Texte : Cicéron, Tusc., III, 24

 Est igitur causa omnis in opninione, nec vero aegritudinis solum, sed etiam reliquarum omnium perturbationum, quae sunt genere quattuor, partibus plures.

 « La cause toute entière se trouve dans l’opinion, non seulement du chagrin, mais de toutes les autres passions aussi, quatre pour ce qui est du genre et plus nombreux pour ce qui est de leur division. »
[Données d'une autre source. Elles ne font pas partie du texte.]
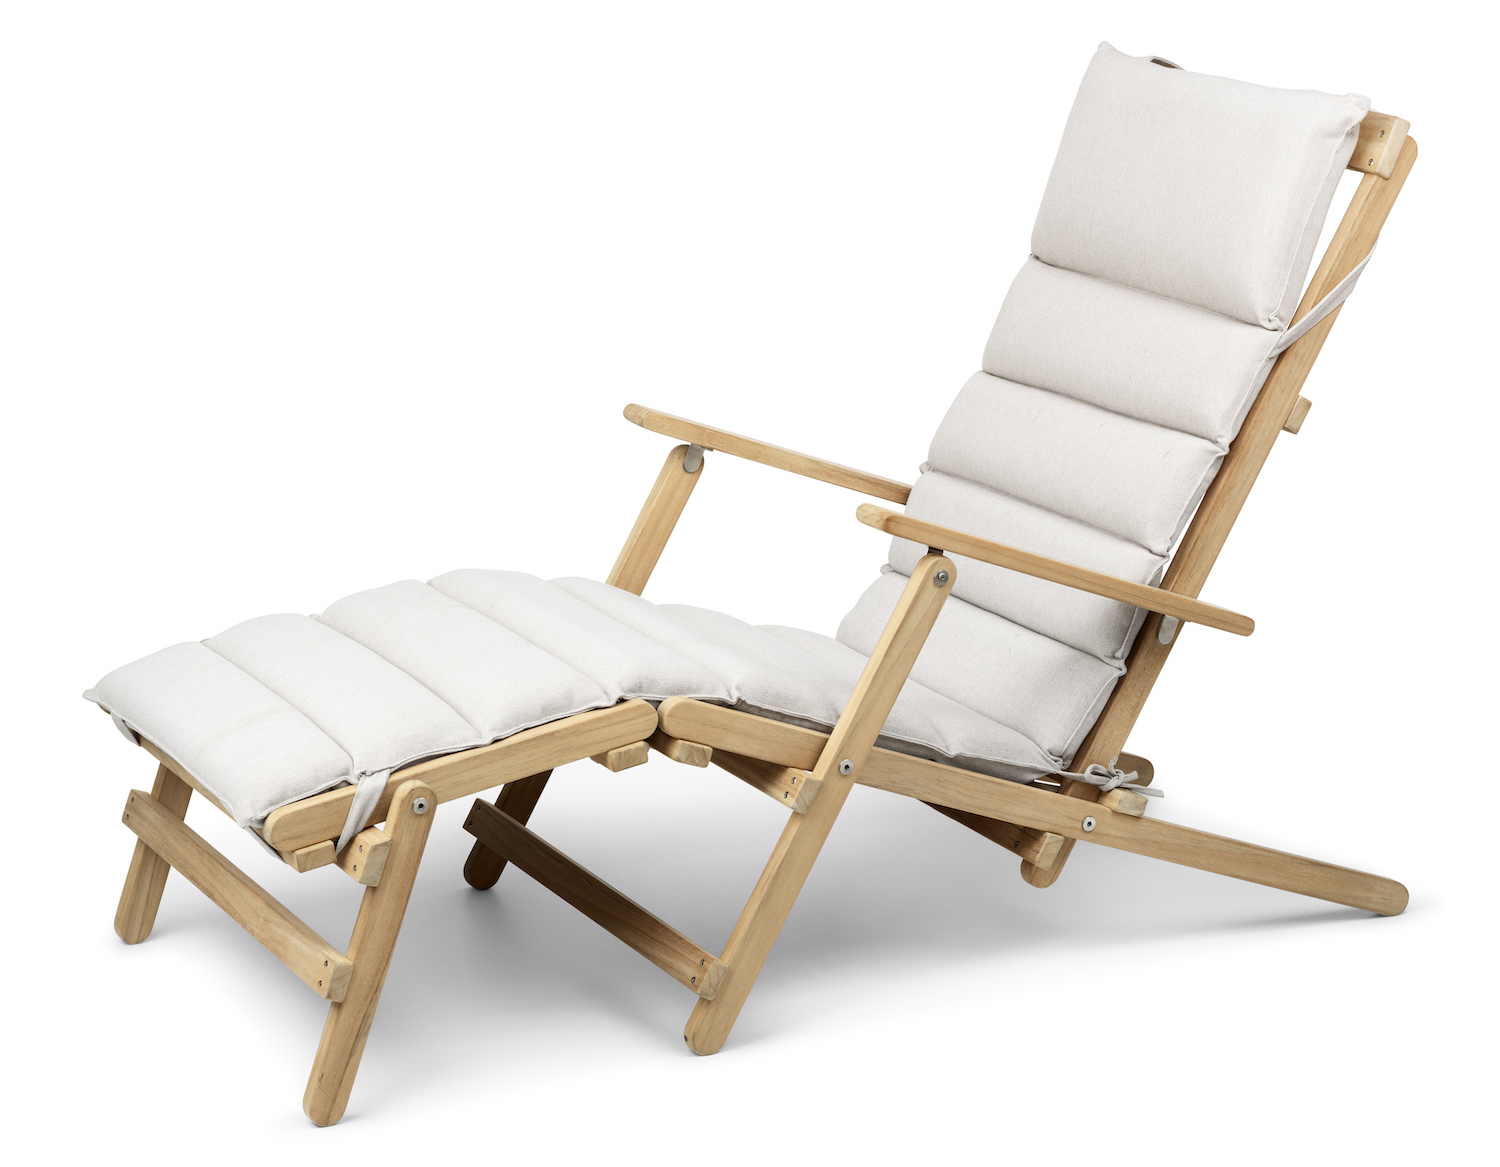 carl hansen & son outdoor furniture wood luxury
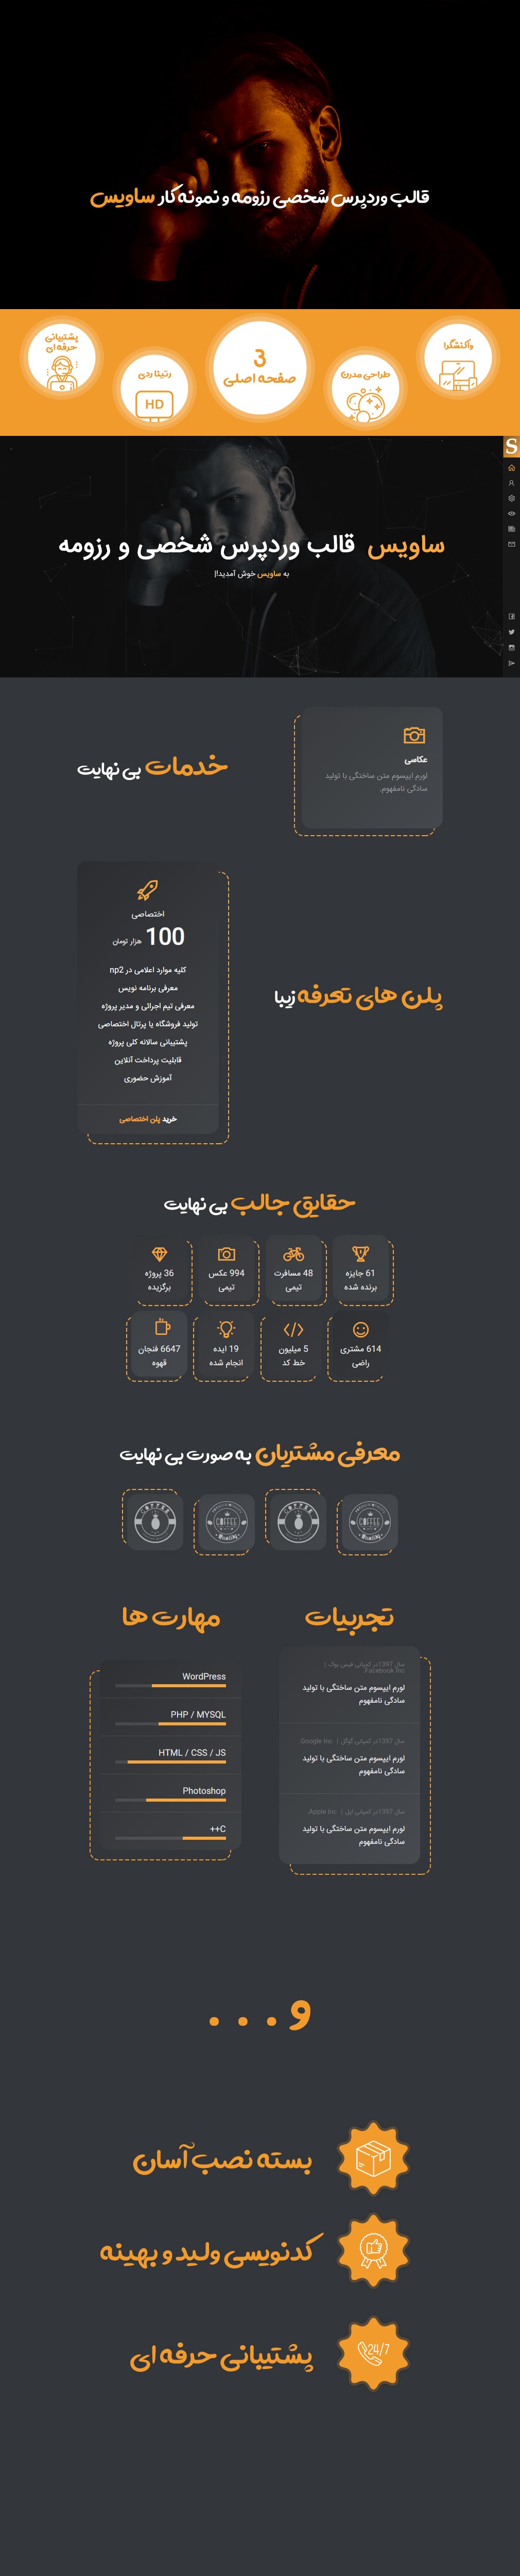 قالب Savis قالب وردپرس شخصی و نمونه کار ایرانی

 Cicéron se porte vers la thérapeutique, la théorie stoïcienne des passions. Si je veux croire que je peux venir à bout de ma souffrance, il faut que j’admette que la passion ne dépend que de moi. Pour venir à bout, radicalement, de ma passion, il faut que je considère que la passion est une erreur de mon jugement et que je suis capable de rectifier cette erreur. Il n’y a pas d’autres philosophies que le stoïcisme pour dire que la passion est une maladie de l’âme dont je suis le seul responsable : créée par mon jugement, elle est guérissable par mon jugement. La passion est de plus une opinion au centre de la pensée stoïcienne. C’est une passion, un jugement erroné. L’opinion mène à l’assentiment à une proposition fausse ou à l’assentiment faible à une proposition vraie. Retour sur l’exemple de l’amour pour X ; au cœur de la passion, il y a l’assentiment à la proposition « X est exceptionnel. » S’il s’avère être le dernier des idiots, la raison est très malade. S’il est en effet exceptionnel ? La passion est néanmoins dans l’opinion. C’est un assentiment irréfléchi, car même si X est exceptionnel, dois-je faire de X le seul souci de ma vie ? Non, car l’assentiment n’est pas qualifié : il ne prend en compte qu’un aspect des choses.